Emir of Fes
- Reign: 928–930 (or 925–927)
- Predecessor: Yahya IV ibn Idris
- Successor: Al-Qasim Qannun

Names
- Al-Hasan (I) al-Hajjam ibn Muhammad ibn al-Qasim
- Dynasty: Idrisid

= Al-Hasan al-Hajjam ibn Muhammad ibn al-Qasim =

10th-century Emir of Fes

Al-Hasan ibn Muhammad ibn al-Qasim (الحسن بن محمد بن القاسم), known by the sobriquet al-Hajjam (الحجام, lit. 'the barber') was the tenth Idrisid ruler that held only the capital of Fes and its environs.

Al-Qasim descended from a cadet branch of the Idrisid dynasty: his grandfather, al-Qasim, was a younger son of the dynasty's second ruler, Idris II. In 922 or 925 or 928 (medieval and modern sources provide different dates) he rose in revolt against the Fatimid Caliphate's viceroy in Morocco, Musa ibn Abi'l-Afiya, and recovered control of Fes. Two years later, he defeated Ibn Abi'l-Afiya in combat, but was betrayed by Hamid ibn Hamdan, the governor he appointed over Fes, and imprisoned, while Fes was surrendered to Musa.

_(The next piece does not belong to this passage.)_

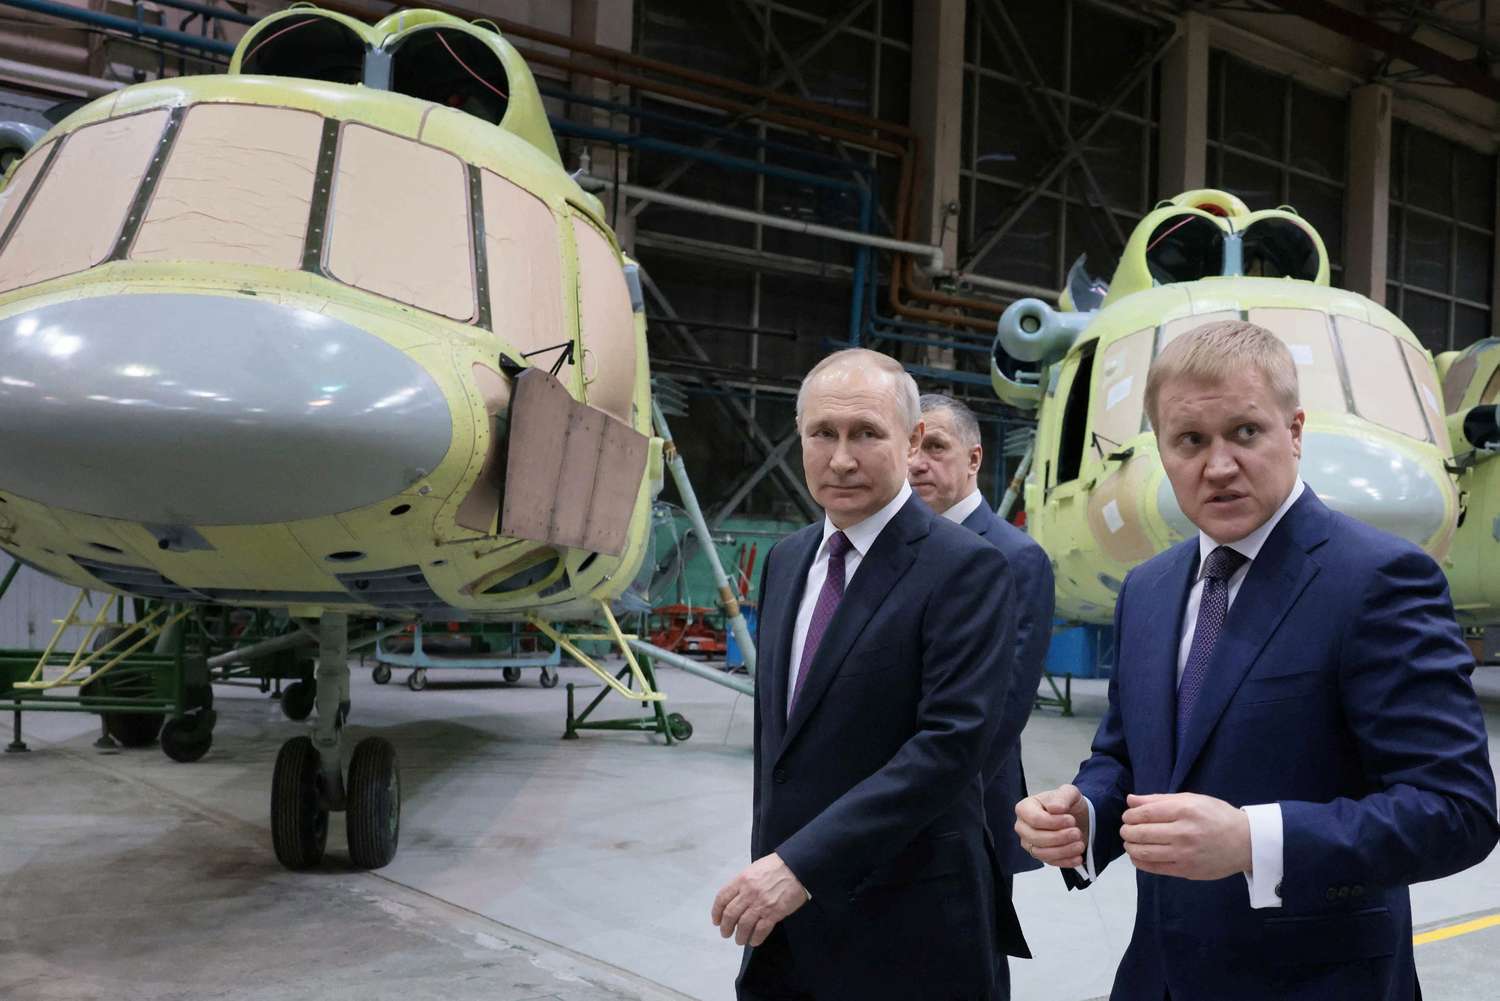 El presidente ruso visitó una fábrica de aviones.

Ibn Abi'l-Afiya then fell out with Hamid ibn Hamdan and the Fatimids, launching a persecution of the Idrisids, before siding with the Fatimids' enemies, the Umayyad Caliphate of Córdoba in 931. A complicated struggle followed between the Hamid ibn Hamdun, the Idrisids, their rivals from the Abu Sahl family, Musa ibn Abi'l-Afiya, and the Fatimids under the general Maysur. Allied with the Fatimids against Ibn Abi'l-Afiya, Hasan's brother al-Qasim Jannun managed to establish an Idrisid emirate in the Rif Mountains in northern Morocco, before switching his allegiance to the Umayyads in 944.

==Sources==
- Benchekroun, Chafik T. (2016). "Les Idrissides entre Fatimides et Omeyyades"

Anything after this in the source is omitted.